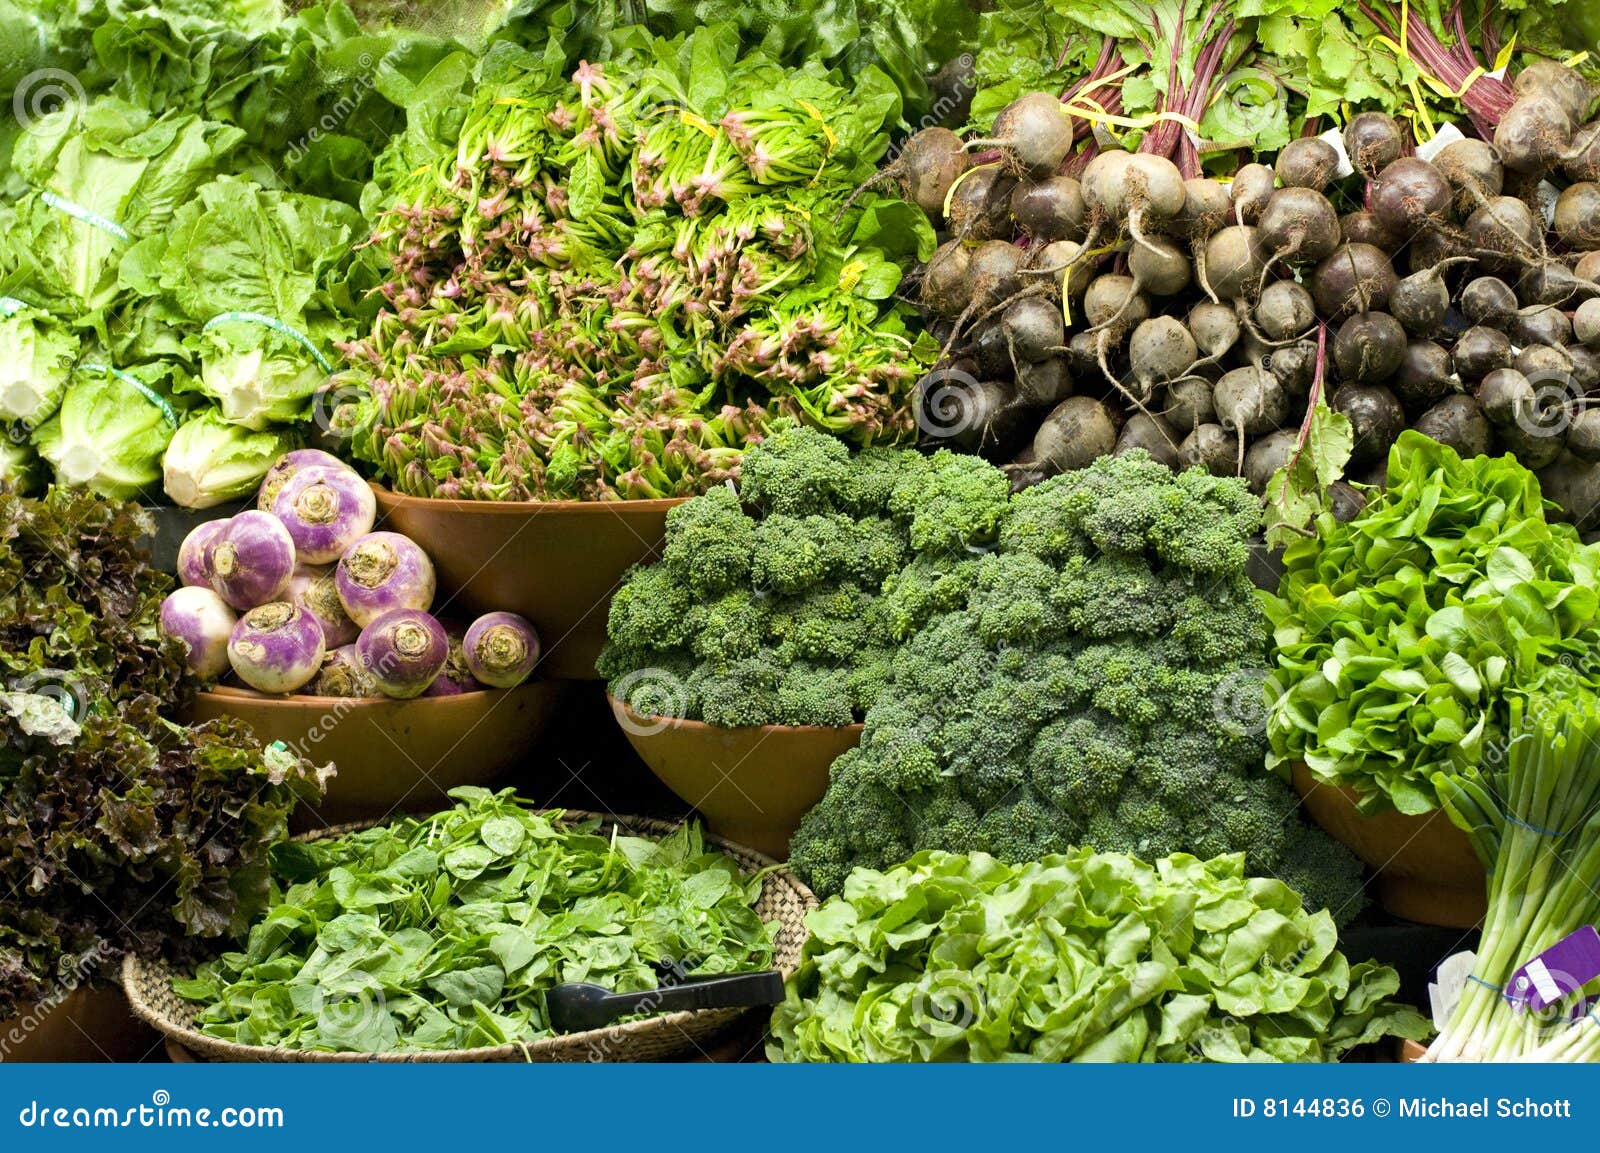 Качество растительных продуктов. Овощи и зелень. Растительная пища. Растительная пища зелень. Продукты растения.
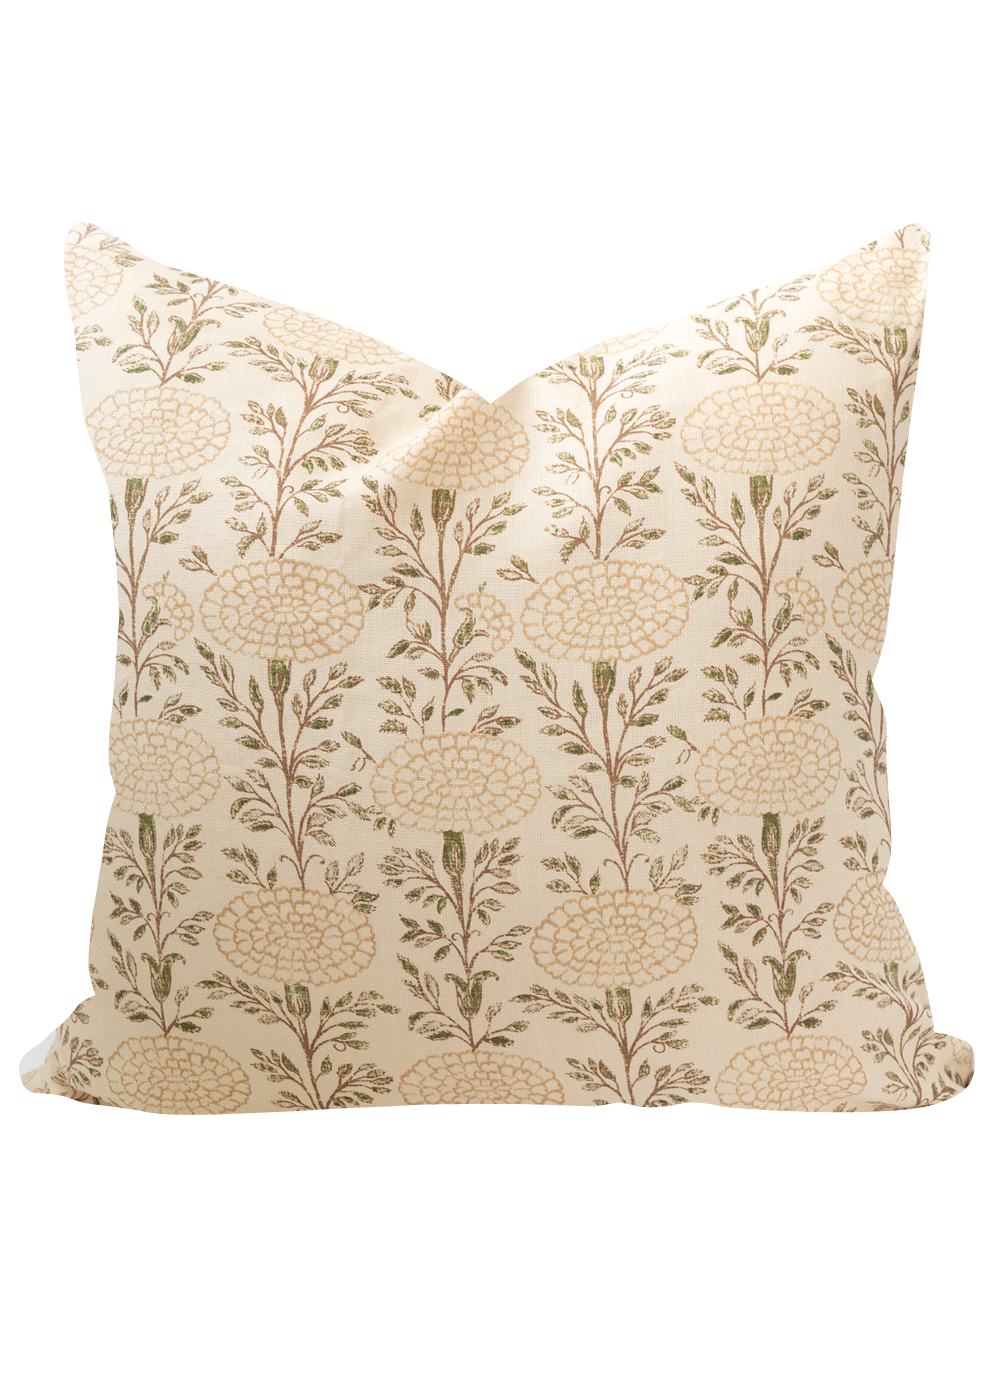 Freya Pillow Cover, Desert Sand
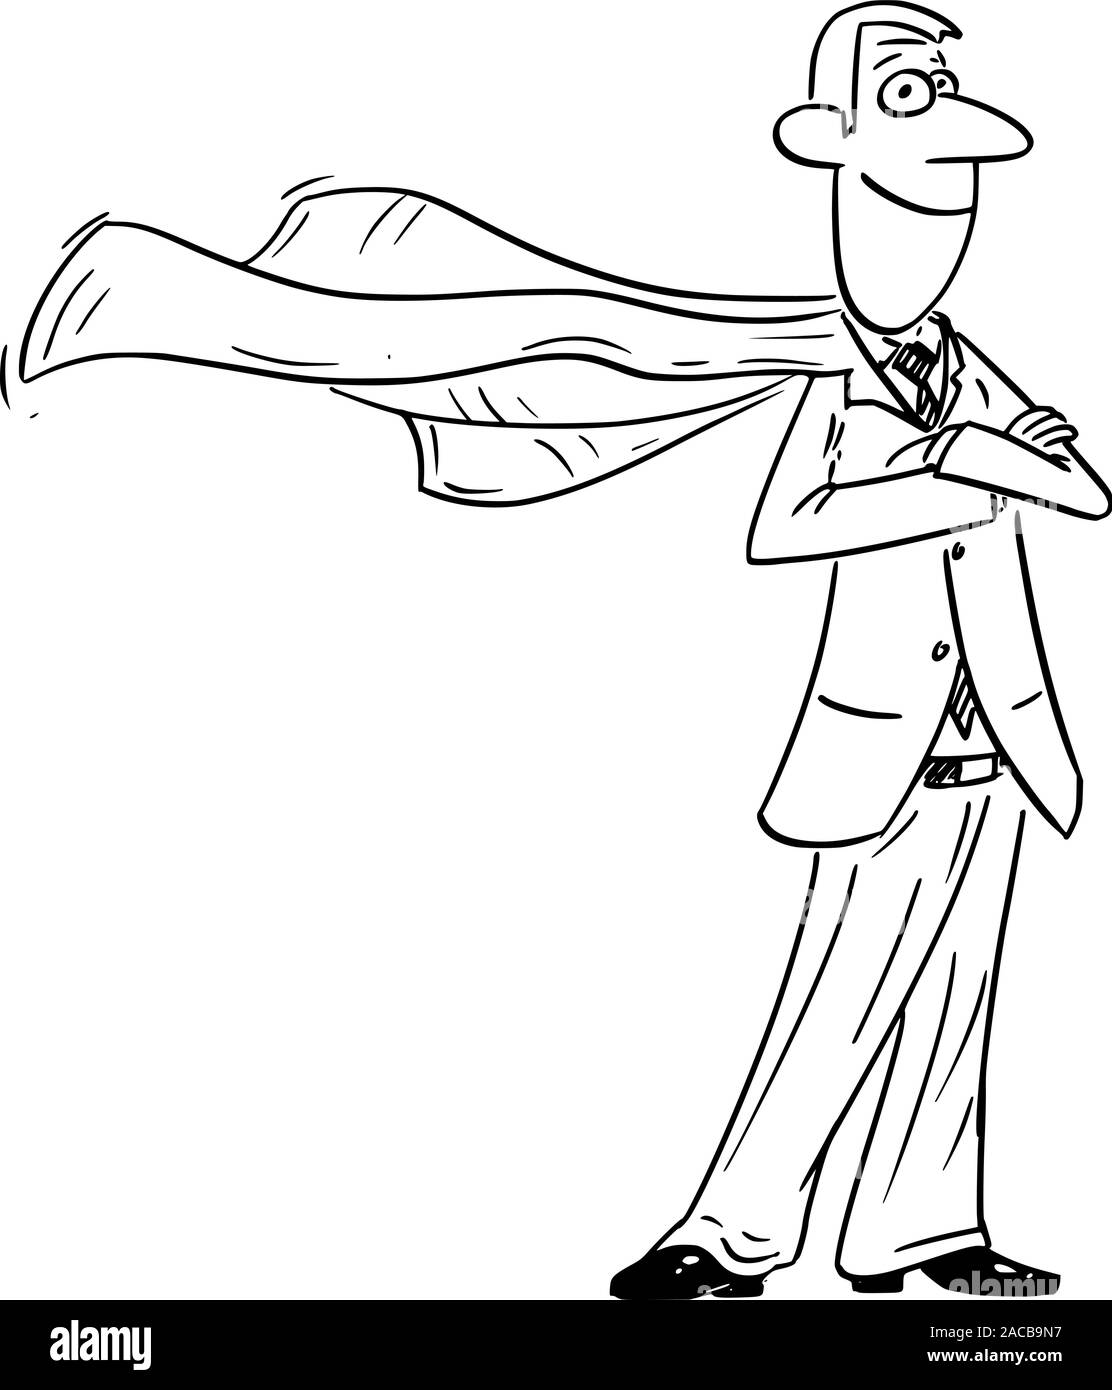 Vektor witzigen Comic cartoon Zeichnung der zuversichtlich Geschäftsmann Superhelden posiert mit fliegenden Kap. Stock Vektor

━━━

# Your goal:
The material above holds pictures; copy everything else in it exactly.

# Solution:
 Качество растительных продуктов. Овощи и зелень. Растительная пища. Растительная пища зелень. Продукты растения.
 Freya Pillow Cover, Desert Sand
 Vektor witzigen Comic cartoon Zeichnung der zuversichtlich Geschäftsmann Superhelden posiert mit fliegenden Kap. Stock Vektor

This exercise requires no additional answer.